Also available on: N/A
Developer: Escalation Studios
Publisher: id Software
Genre: First-person shooter
Release date: June 26, 2009
The Doom blueprint is arguably the perfect foundation for any first-person shooter. After all, the original is credited as one of the most influential games of all time, spawning countless imitators across its 16-year legacy. So, it comes as a great surprise that id Software has veered so far away from the formula with this iPhone exclusive.
Fans seeking the classic Doom experience will be disappointed to find that the game has been re-imagined as a rail shooter, utilising tilt aiming and a cover mechanic. This is a bold move on the developer's part, and although the game has its issues, John Carmack and co. should be commended for breaking the mould and attempting something original.
Doom Resurrection may be billed as a standalone entry in the series, but it has an awful lot in common with Doom 3, particularly its aesthetic and storyline. In fact, the plot is almost a rehash of the third game's.
The story begins in deep space, where the Union Aerospace Corporation (UAC) is conducting a host of bizarre experiments. One of these tests backfires and opens up a portal to hell, unleashing hordes of demons and transforming most of the crew into bloodthirsty zombies. Like any Doom game, it's just you and your arsenal against wave after wave of hellish creatures.
It is apparent that the game was originally conceived as a traditional first-person shooter, before the concept was scrapped and completely overhauled. The end result is something akin to Time Crisis or Metal Gear Solid Touch, rather than your standard run-and-gun fest. It takes time to switch off those first person-shooter instincts, but once you learn the ropes, there's a lot of minimalistic fun to be had.
The controls couldn't be simpler; tilting the iPhone aims your weapons, while virtual buttons are used to fire them and activate the cover mechanic.
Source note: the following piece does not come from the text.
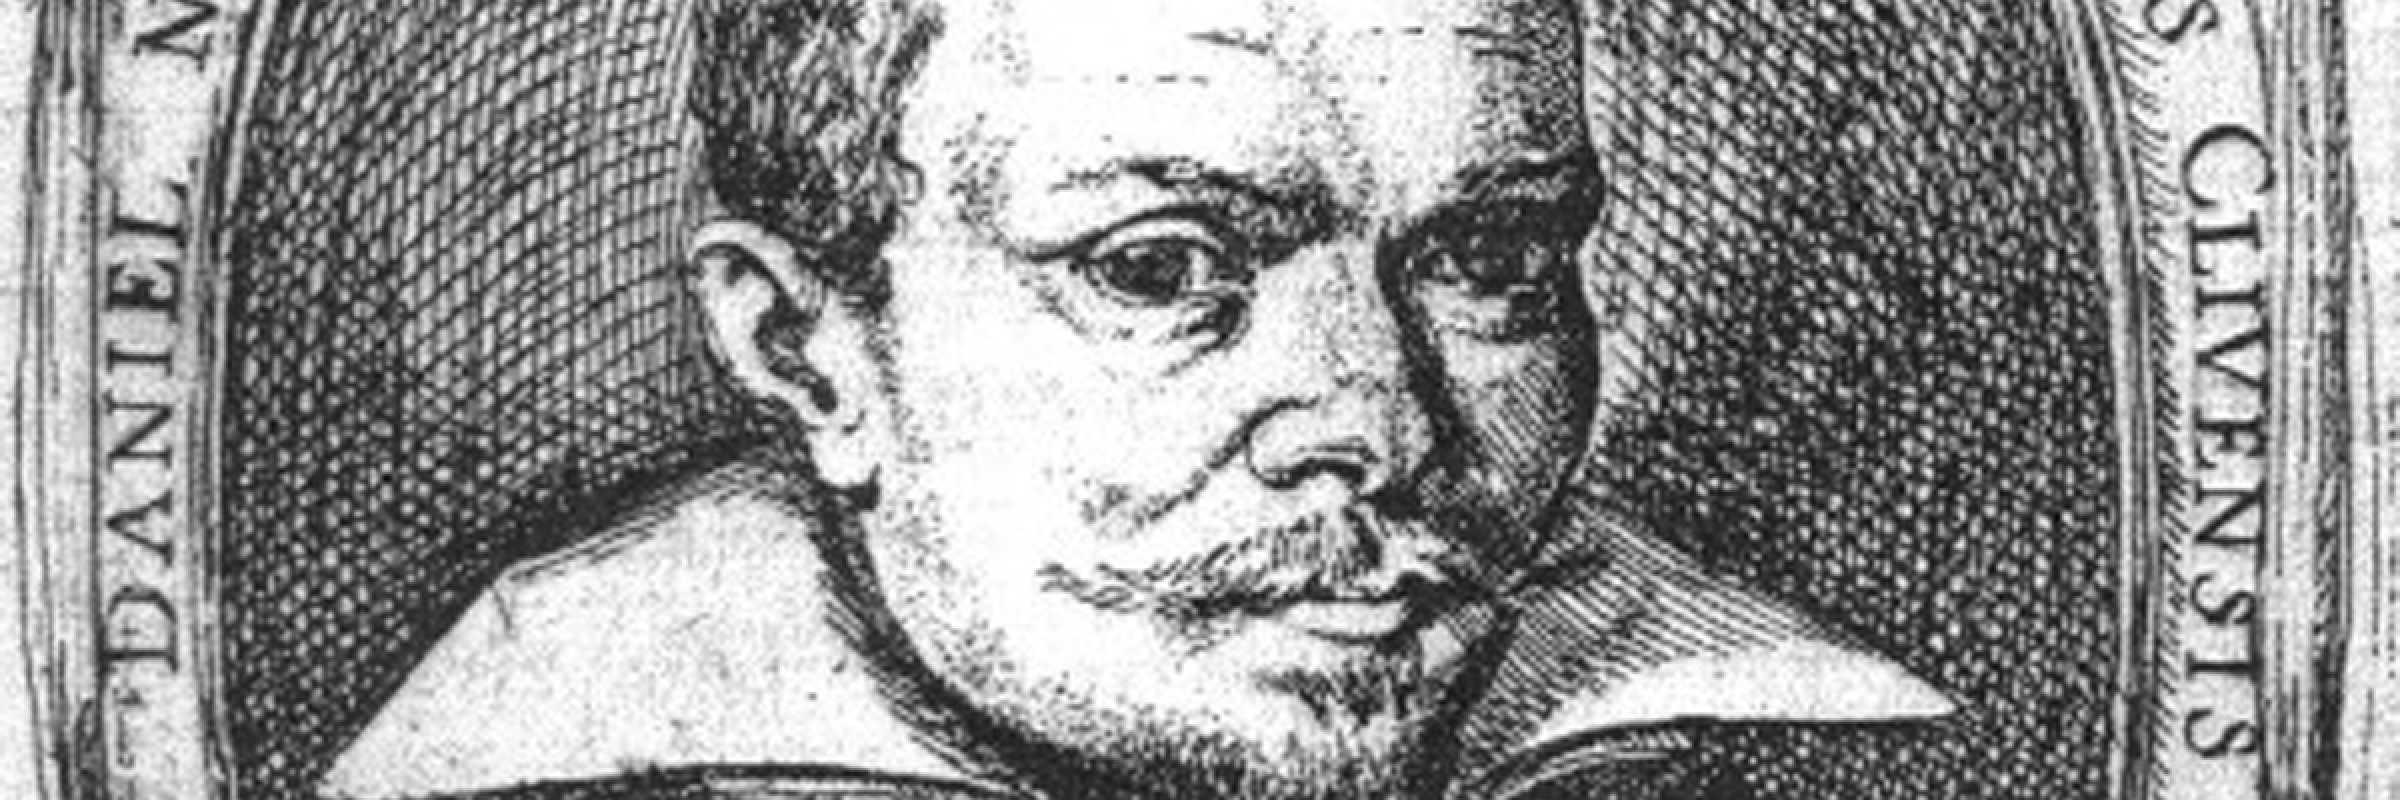 Ritratto di David Nijs, incisione da: Gigli Cesare, La pittura trionfante, Venezia, Giovanni Alberti, 1615.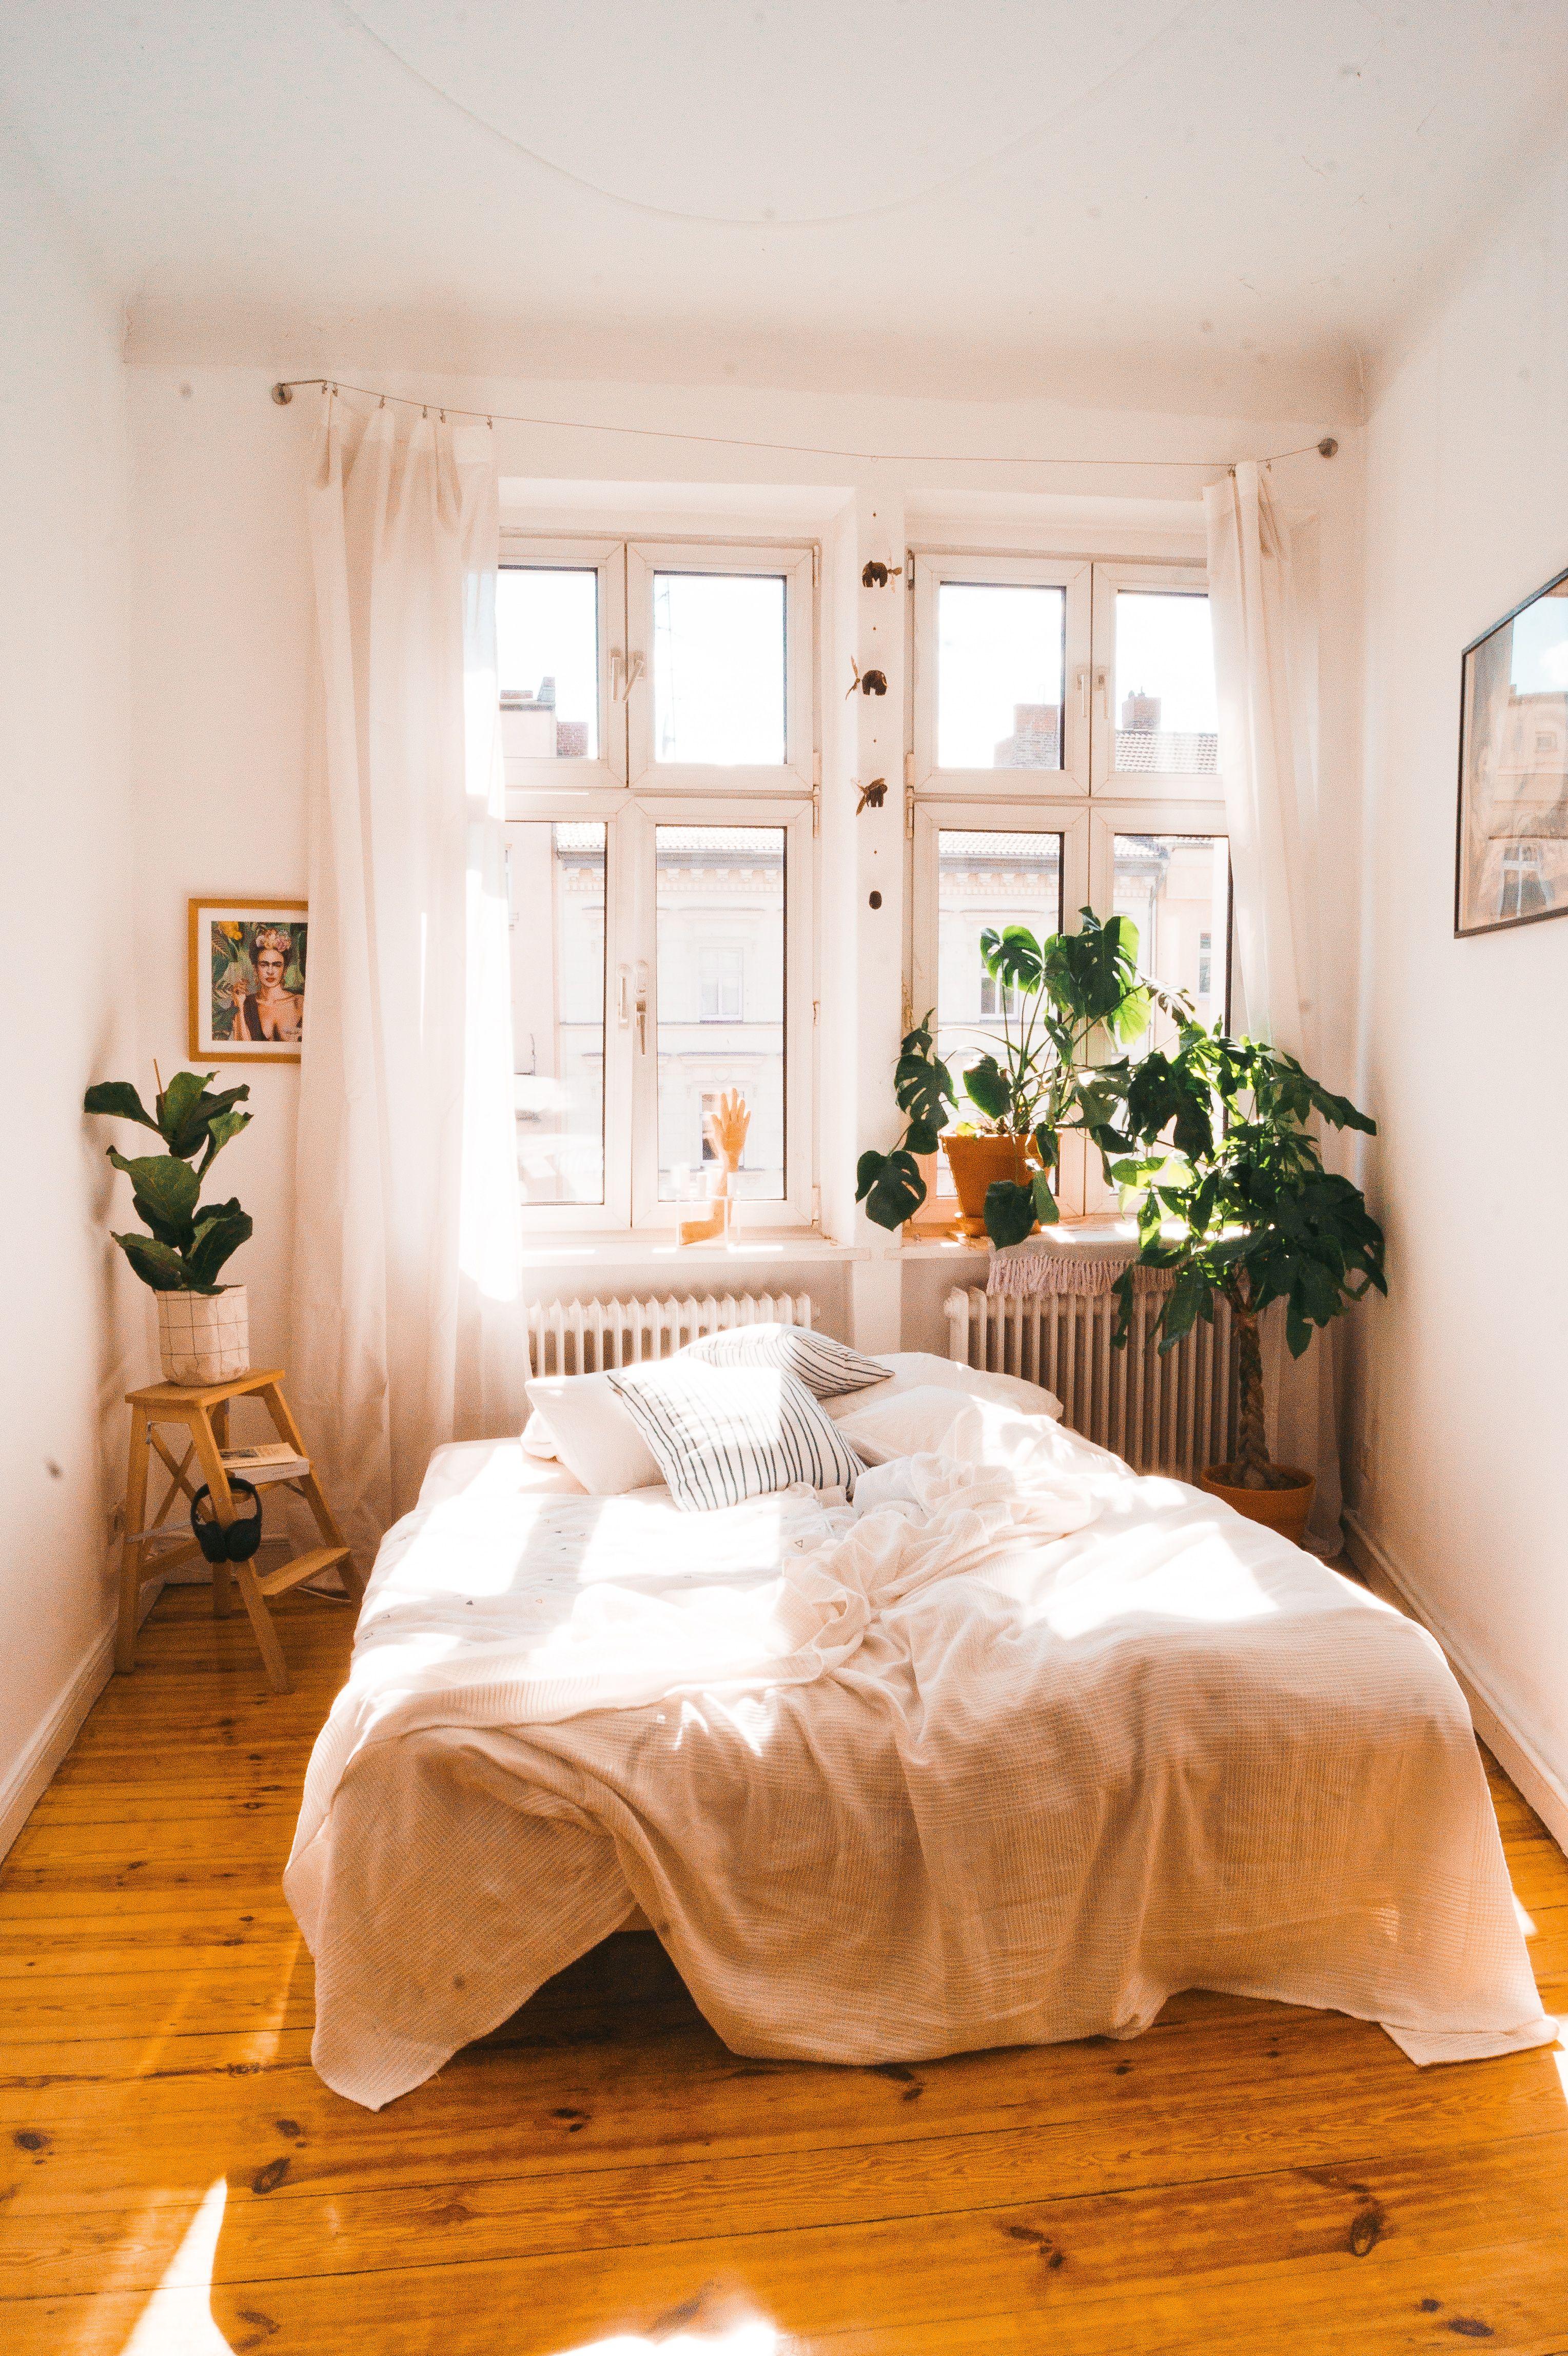 Deko Tipps Zum Wohlfuhl Wohnen Wohnen Zimmer Einrichten Schlafzimmer Einrichten

Collecting items and switching between weapons is as easy as tapping the screen, with a shake of the handset used to detach clinging zombies. It all comes together remarkably well, with only the shake mechanic disrupting the flow somewhat (as well as earning you some dubious looks when playing in public).
Once Resurrection gets its hooks into you, it never lets go. Varied level design, smart enemy AI and the gradual introduction of new challenges will keep you on your toes. Unlike the early Doom titles, foes will not remain in one spot mindlessly tossing fireballs and hoping for the best. These demons will strategically duck for cover, forcing you to do the same.
A lot of work has gone into the stage layouts. The lighting level in each section is just right to conjure the appropriate level of atmosphere. The developers have done a great job of scaling down Doom 3's dark aesthetic, with the hell-based stages particularly visceral. There is never a shortage of scenery to take cover behind, but under close scrutiny, the functionality can be questioned on occasion. It's frustrating to see power-ups generate at the edge of the screen, a little too close to the action buttons. This can result in you accidentally firing a shot or ducking for cover, rather than collecting a much-needed health pack.
While you might think that the absence of free exploration is lamentable, the on-rails design does have its advantages. First and foremost, Doom has always been about shooting anything that moves, and time spent wandering aimlessly around murky, maze-like corridors seeking keycards compromised this all too often. In Resurrection, all of that is taken care of for you, boiling the experience down to its destructive essence.
An on-rails design with touch-screen controls might sound like a far cry from the Doom we all know and love, but Resurrection has remained true to the series' adrenaline-fuelled roots, aided by the inclusion of a pleasingly familiar arsenal, comprising chainsaws, double-barrelled shotguns and the devastating BFG.
Whereas the game has something unique to offer iPhone users, it doesn't have enough of it. With just eight stages, clocking in at around 15 minutes each, the game's over before you know it. A small amount of replay value can be found in the Free Play mode, where running through the levels on higher difficulty settings will earn you more points, but you will still be hungry for more by the end.
Priced at the high end of the App Store's scale, alongside titles such as The Sims, Assassin's Creed and The Need For Speed, it can be argued that its competitors offer more substance for your buck, but that isn't to say that the game doesn't have something all of its own to offer.
Sceptics might claim that Resurrection's original mechanics are little more than gimmicks, but id has achieved exactly what it set out to do with this one, reinventing the series for the iPhone and playing to the platform's strengths while remaining true to its roots. Sitting on the fence between the first-person shooter and shooting gallery genres, it is hard to pick out a better alternative for the platform in either category.
With Doom Resurrection, id Software hasn't so much whet our appetite for more Doom, as left us salivating like Pavlov's dogs. With the long-awaited fourth instalment in the series still some way off, iPhone releases like this one should see us through.